La culture, un secteur trop souvent oublié
Un domaine en particulier cristallise toutes les interrogations : celui de l’audiovisuel. Malgré les campagnes de sensibilisation et la loi Hadopi censée protéger la diffusion des œuvres sur Internet, les « pirates » français n’ont jamais été aussi nombreux. Selon une étude réalisée par le cabinet d’audit et de conseil EY et intitulée « Piratage en France », un internaute sur trois, soit 13 millions de personnes, a regardé des contenus de façon illégale en 2016. Cela représente 2,5 milliards de films ou séries visionnés à travers le téléchargement ou le streaming (visionnage en ligne) illégal.
Une activité sans conséquence ? Loin de là ! Le manque à gagner pour l’Etat, les ayants droit et les industries de contenus audiovisuels est estimé, a minima, à 1,35 milliard d’euros sur un an, soit 15 % du marché légal. Si celui du cinéma est plutôt préservé, le marché du DVD ou de la vidéo à la demande sont les plus impactés. Et c’est sans compter sur les 2 000 emplois qui n’ont pu voir le jour à cause de cette pratique.
Outre les conséquences financières liées au piratage, c’est toute la chaîne de la création culturelle qui est mise à mal. En effet, dans le secteur de l’audiovisuel, les acteurs sont interdépendants : « les télévisions sont les principaux investisseurs dans la production ; le dynamisme du cinéma est indissociable de la vitalité des industries techniques chargées de la fabrication des films », etc.
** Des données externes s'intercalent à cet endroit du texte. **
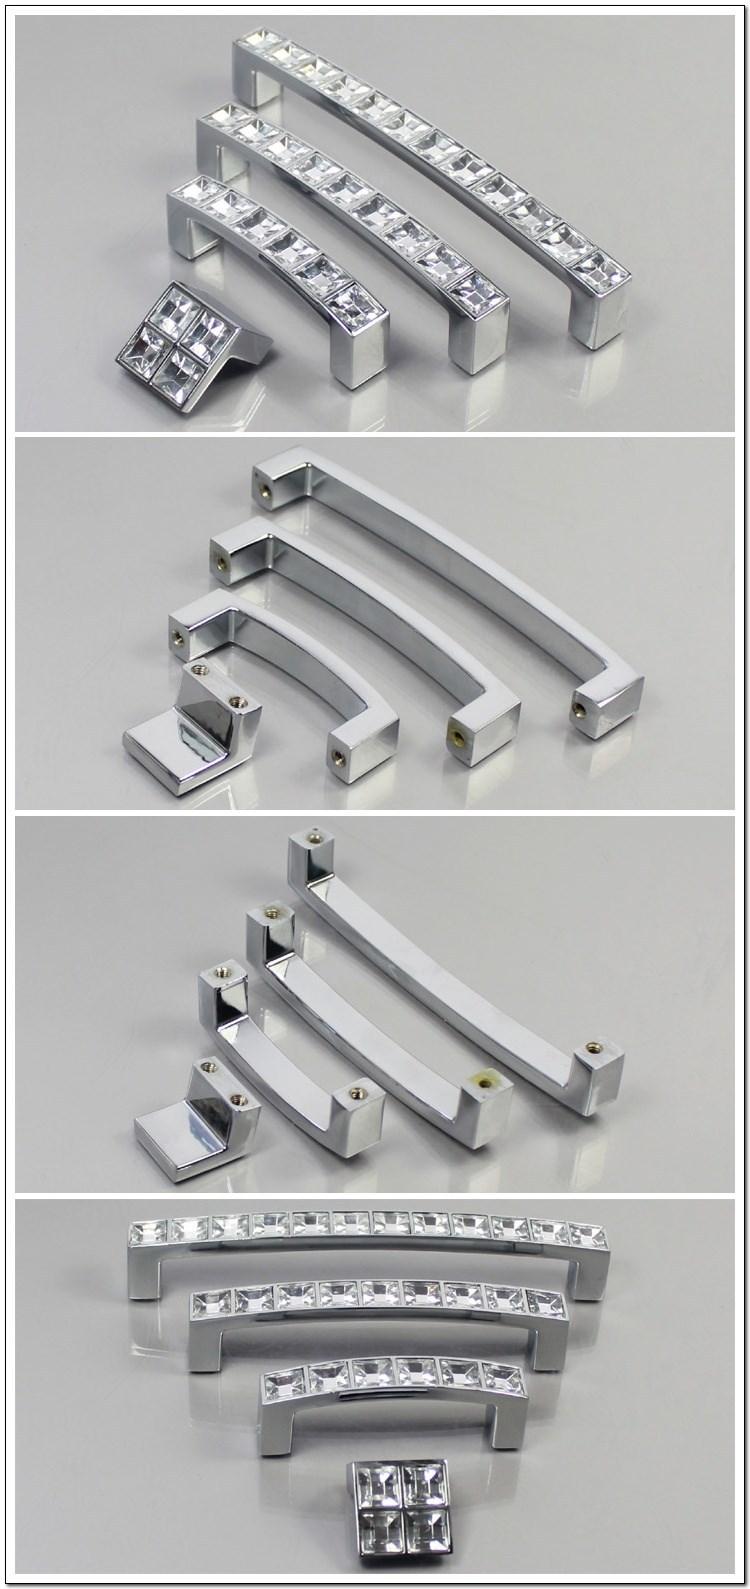 Clear Crystal Acrylic Kitchen Cabinet Door Drawer Hardware Pull Handle Knob Bar

Un constat qui a amené Solenne Blanc, associé EY, à déclarer, en février 2017, que « Le piratage audiovisuel menace la pérennité de son financement et assèche un potentiel de création nouvelle ». En bref, le piratage menace l’avenir du secteur culturel français.
Et pour le moment, les moyens de lutte contre le piratage ne sont pas efficaces : un site illégal ferme ses portes, trois autres voient le jour dans les secondes qui suivent et le tout, au nez et à la barbe des enquêteurs. Pourtant, des solutions existent : au Portugal, depuis 2015, les fournisseurs d’accès Internet (FAI) peuvent être amenés à bloquer l’accès aux sites frauduleux.
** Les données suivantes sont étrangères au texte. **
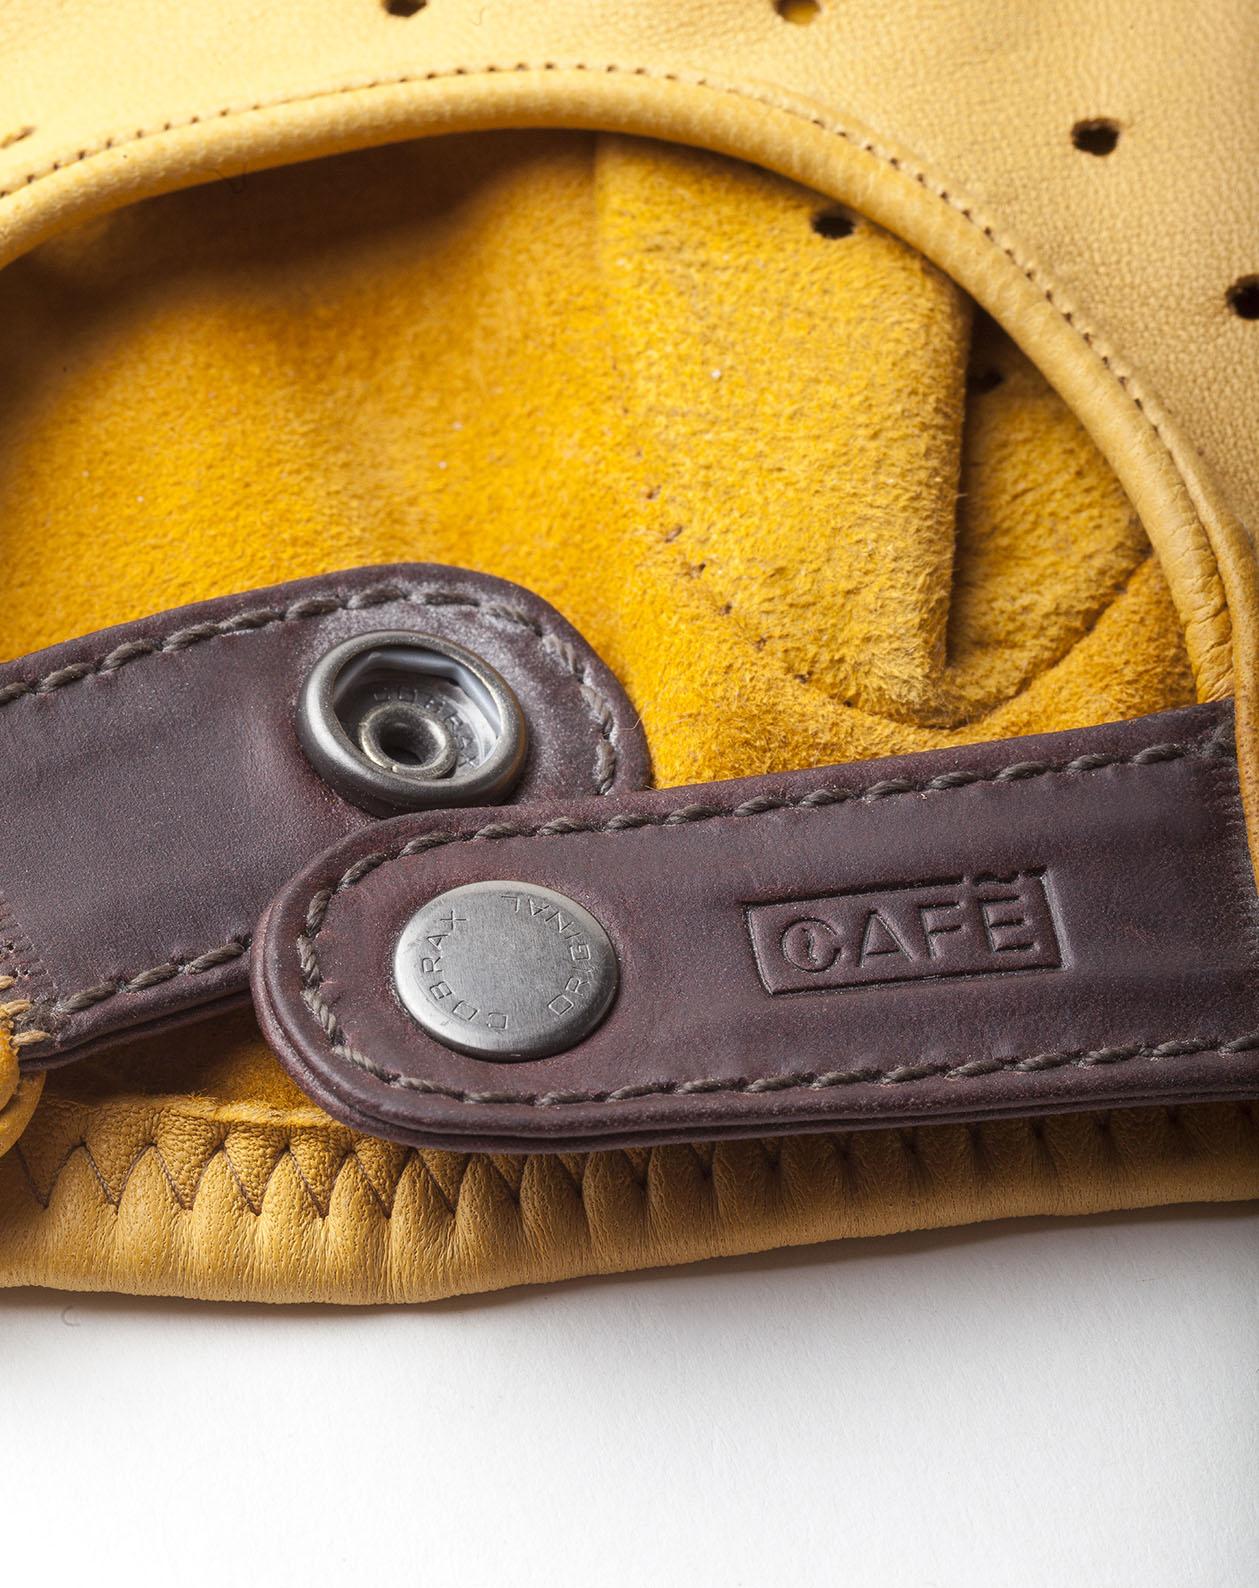 leather-driving-gloves-triton-cream-

En effet, le 30 juillet 2015, le Secrétaire d’Etat portugais à la Culture annonçait la signature d’un « protocole d’entente par plusieurs organisations ». Celui-ci poursuit un objectif bien précis : « créer un accord d’autorégulation sur la protection du droit d’auteur dans l’environnement numérique ».
Pour ce faire, le protocole énonce une procédure permettant aux signataires de signaler « les sites susceptibles de violer le droit d’auteur » à l’association de lutte contre le piratage MAPINET qui a ensuite la possibilité de « transmettre une plainte » à l’Inspection générale des activités culturelles (IGAC) du ministère. Une fois la plainte enregistrée, l’IGAC peut demander aux FAI de bloquer l’accès aux sites web en question. Simple et efficace : en avril 2016, on comptait pas moins de 330 sites frauduleux qui avaient été bloqués grâce à cette procédure, parmi lesquels le célèbre « The Pirate Bay ».
Et il existe d’autres pistes de réflexion qui semblent tout aussi prometteuses. D’après EY, près de 75 % des Français se déclarent prêts à payer des contenus en l’absence d’alternatives illégales. La valorisation de l’offre légale apparaît donc également comme une solution plausible. Tout comme la mobilisation des géants du web : en février dernier, au Royaume-Uni, Google et Bing se sont engagés à limiter la visibilité des sites de contenus piratés. Les solutions existent, reste à l’Hexagone de les mettre en œuvre afin d’être en mesure de garantir l’accès à une culture française de qualité aux futures générations.